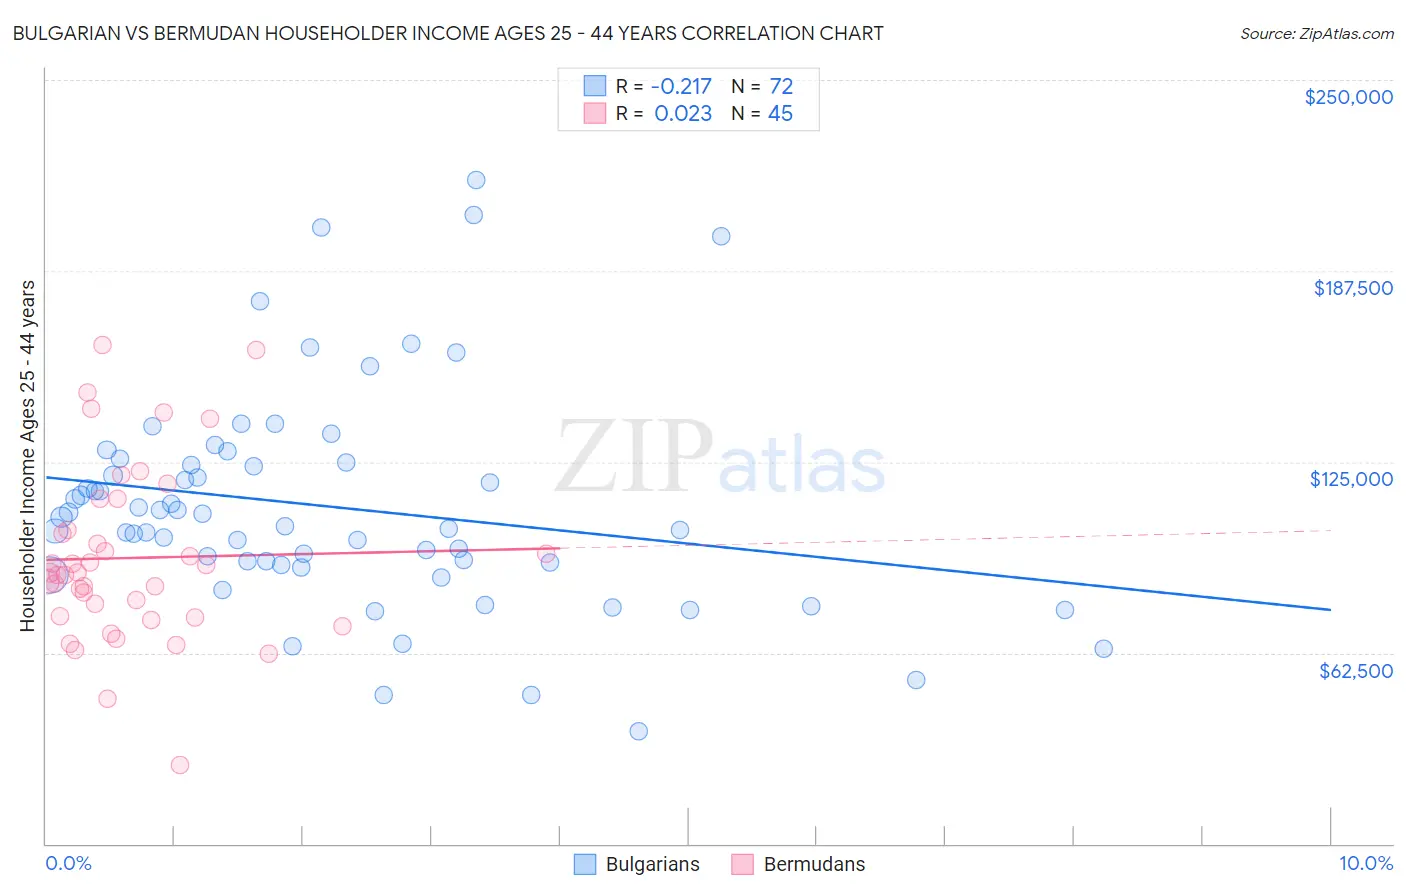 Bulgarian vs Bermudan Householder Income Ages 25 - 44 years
━━━━━━━━━━━━━━━━━━━━
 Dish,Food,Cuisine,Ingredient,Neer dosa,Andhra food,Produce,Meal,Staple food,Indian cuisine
━━━━━━━━━━━━━━━━━━━━
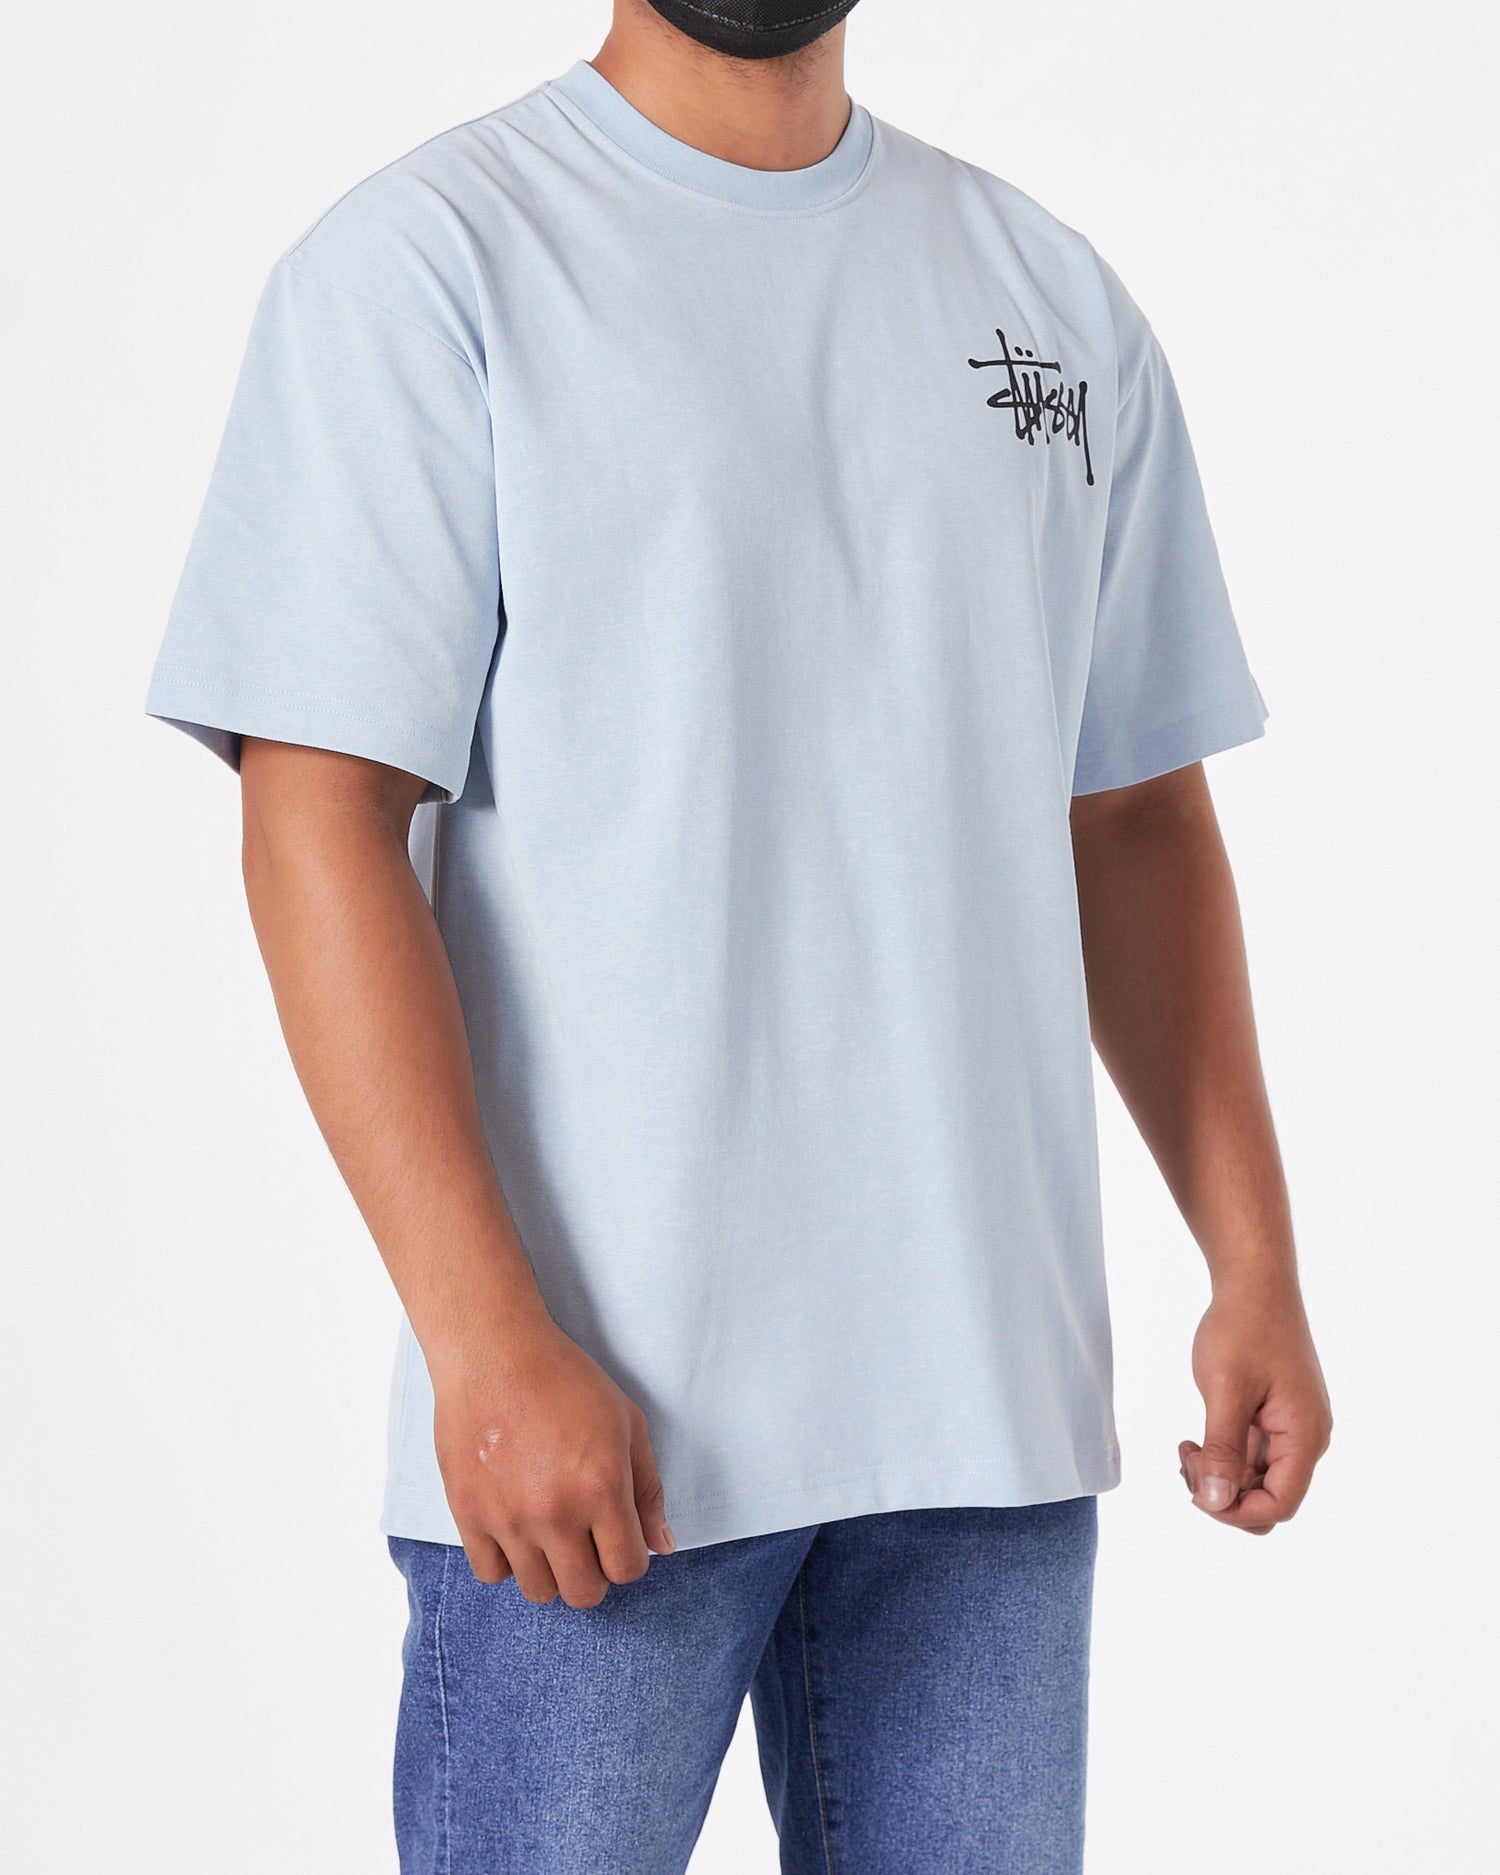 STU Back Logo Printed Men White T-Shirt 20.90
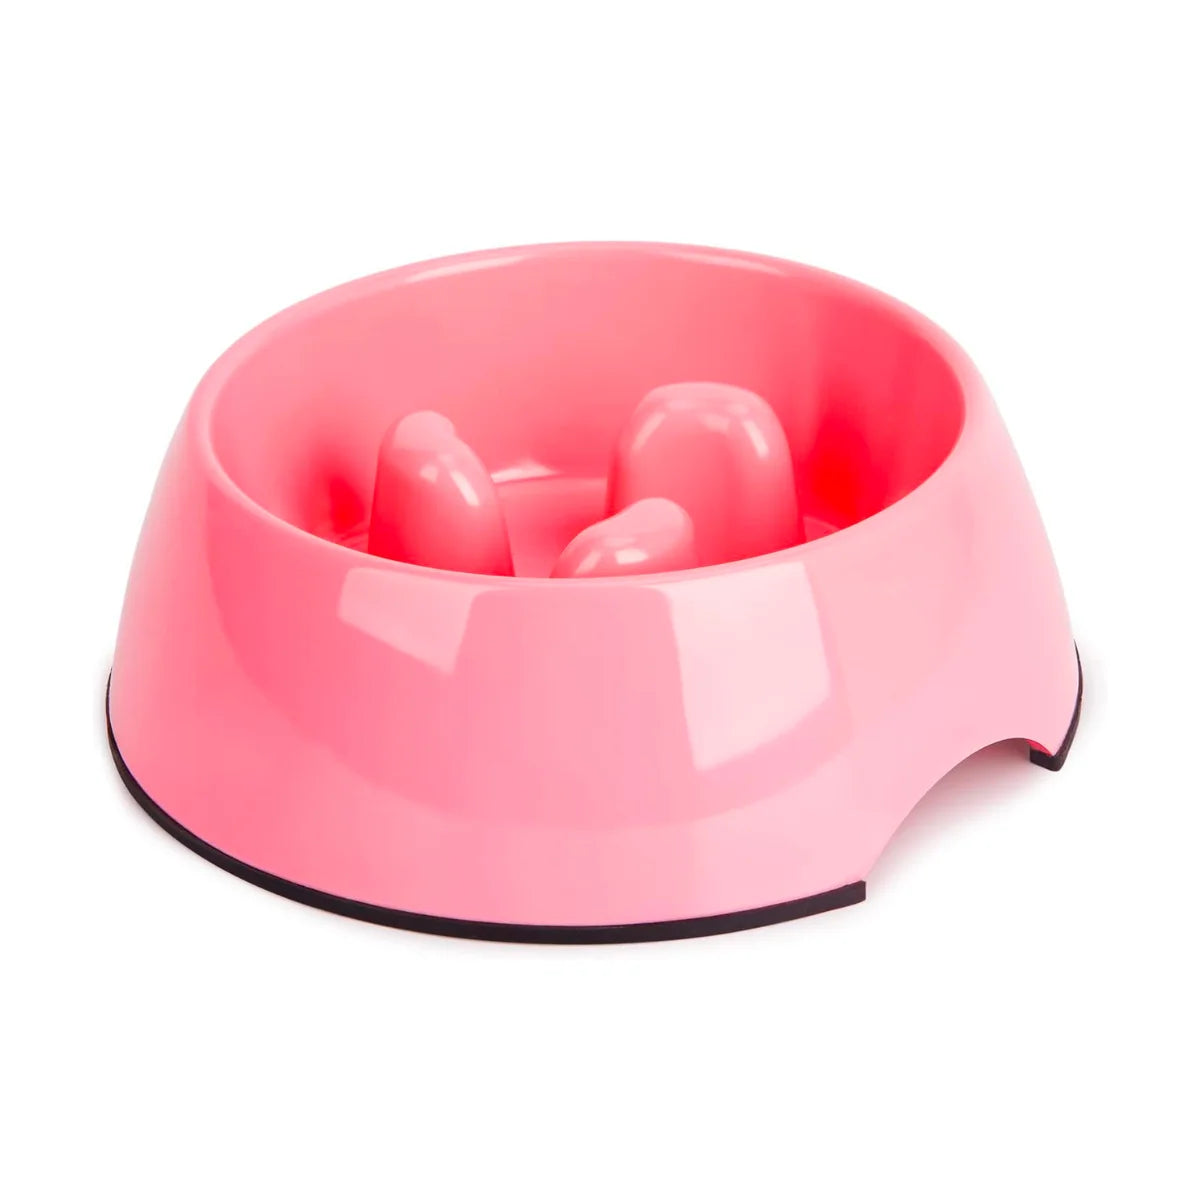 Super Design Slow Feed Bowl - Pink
━━━━━━━━━━━━━━━━━━━━
- [GOAL OF THE EXERCISE]: Look back at the data above, then output exactly the lines from the line holding "STU Back Logo" up to and including the line holding "Super Design Slow Feed Bowl - Pink". Leave out the pictures.

- [ANSWER]:
 STU Back Logo Printed Men White T-Shirt 20.90
 Super Design Slow Feed Bowl - Pink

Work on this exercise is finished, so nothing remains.